Trump’s problem, among many, is that he conflates Jewishness with Zionism. In his simplistic and flawed view, American Jews must love Israel because there are a lot of Jews there. But we are not required to support Israel. It is well within our rights as Americans to air our criticisms freely. After all, any child of Jews knows criticism is our love language.

It is our love for Israel’s past and the role it played in providing a safe haven for Jews after six million of our relatives were annihilated by a murderous regime that means we won’t allow Trump and the Christian right to uncritically support the policies of its current leadership. Prosperity for Jews cannot come at the anguish of others.

To put in context Trump’s most recent claim that Jews who vote for Democrats show “either a total lack of knowledge or great disloyalty,” let’s rewind to a scene from one week ago.

A row of Jewish protesters sit peacefully at the entrance of a parking lot across from the Donald W. Wyatt Detention Facility in Central Falls, Rhode Island, a privately-run prison that contracts with Immigration and Customs Enforcement (ICE). The protesters are part of a group called Never Again Action, and they’ve assembled to demand the centre cease it’s inhumane and indefinite detainment of migrants, as well as its contract with ICE. “Never again” is a phrase often used by Jews as a reminder of our painful experience with ethnic cleansing, and a call to do whatever it takes to stop history from repeating itself. Moments later a police truck ploughed into these protestors, sending two of them to hospital.

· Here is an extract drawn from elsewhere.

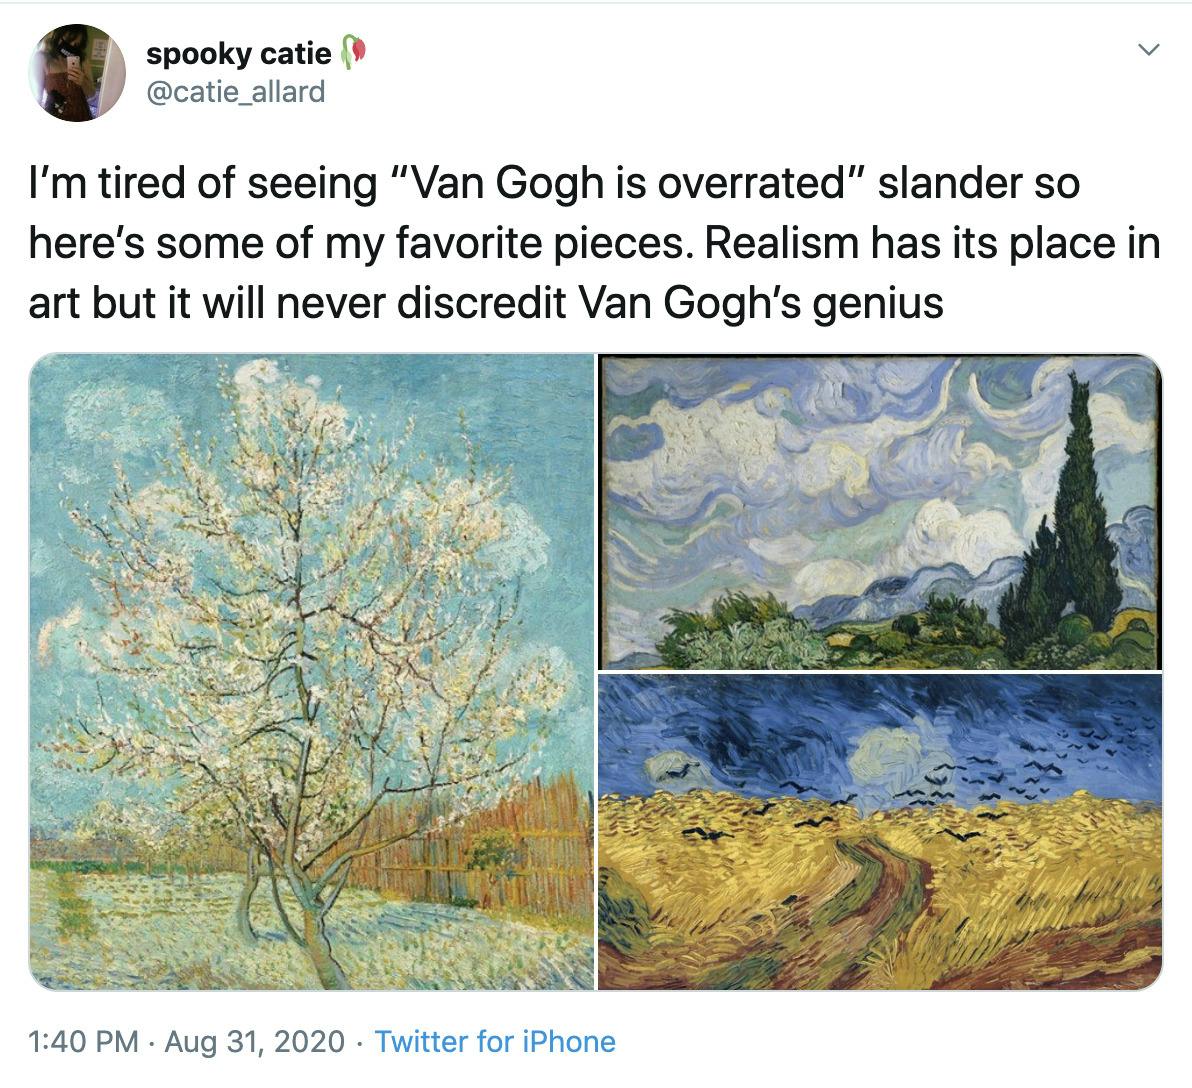 "Photo realism is great, I dont discount the amount of skill it takes and several mediums of art (Video Games for example) can make great use of it. That said Van Gogh wasn't about realism, it was about taking how HE saw the world and putting on a canvas for us all to enjoy." screenshot of the original tweet

Next, let’s rewind to summer 2016. I sat with four American Jews around a small conference table. We each have at least one grandparent who survived the Holocaust, and had gathered to discuss Trump’s racism and use of antisemitic imagery. Trump, in full campaign mode, had tweeted an image of Hillary Clinton with a Star of David, surrounded by piles of money, and the notorious antisemitic catchphrase “America First.”

As we recount our families’ painful history, and the painful history of our people, we quickly veer to other marginalized communities – Muslims, Mexicans, and Syrian refugees, among others – who we predicted would face an even greater danger in a Trump administration. Because that’s what most Jews do: we think about the world beyond ourselves and see ourselves in the faces of the oppressed.

While the Democratic party by no means has a perfect record on human rights and social justice, most American Jews vote Democrat because they are the party that strives to lift up the many instead of the few.

Trump is not our “king” or “the second coming of God”, as one evangelical Christian and conspiracy theorist put it today (and was praised by the president for doing so). We understand he doesn’t actually care about us – just his own good fortune – and that’s why we’ll never allow this president to define our loyalty.